Machine Learning
Clustering Algorithms
K-means clustering and anomaly detection for unsupervised learning.
K-Means Clustering
Objective Function
K-Means minimizes the sum of squared distances from each point to its assigned cluster centroid:
\[ J = \sum_{i=1}^{K} \sum_{x \in C_i} \lVert x - \mu_i \rVert^2 \]
Algorithm Steps
- Initialize K centroids (randomly or with k‑means++).
- Assign each point to the nearest centroid.
- Recompute centroids as the mean of assigned points.

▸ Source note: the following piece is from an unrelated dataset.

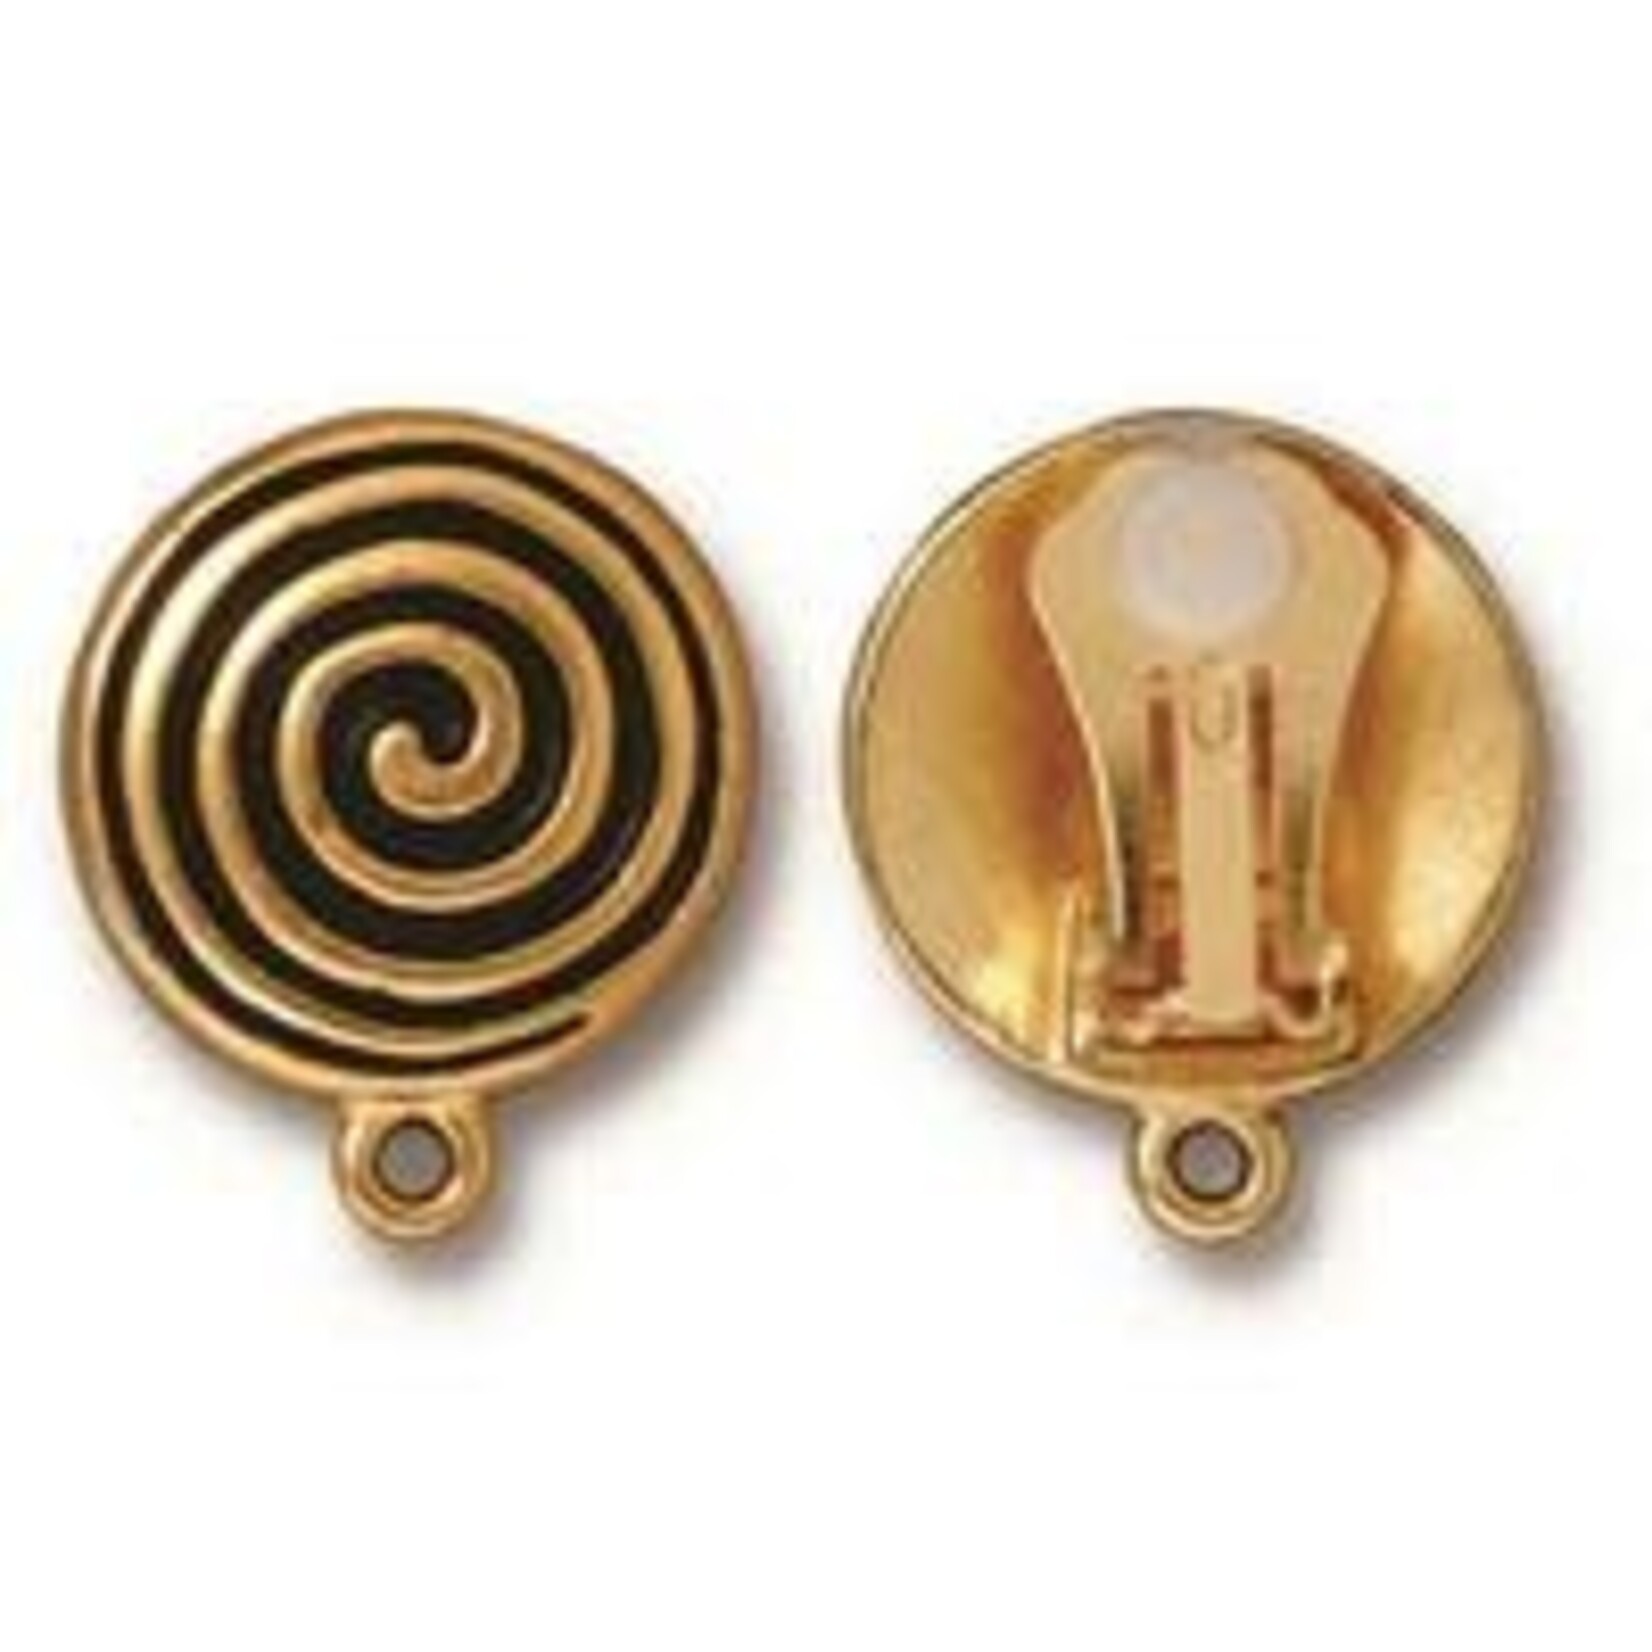 TierraCast Spiral Earring Clip Antique Gold Plated - Pair

- Repeat steps 2–3 until convergence (assignments stop changing).
K-Means with scikit-learn
Clustering with KMeans
from sklearn.cluster import KMeans
import matplotlib.pyplot as plt
# Find optimal K using elbow method
inertias = []
K_range = range(1, 11)
for k in K_range:
km = KMeans(n_clusters=k, random_state=42)
km.fit(X)
inertias.append(km.inertia_)
plt.plot(K_range, inertias, marker="o")
plt.xlabel("K")
plt.ylabel("Inertia")
plt.title("Elbow Method")
plt.show()
# Fit final model
kmeans = KMeans(n_clusters=3, random_state=42)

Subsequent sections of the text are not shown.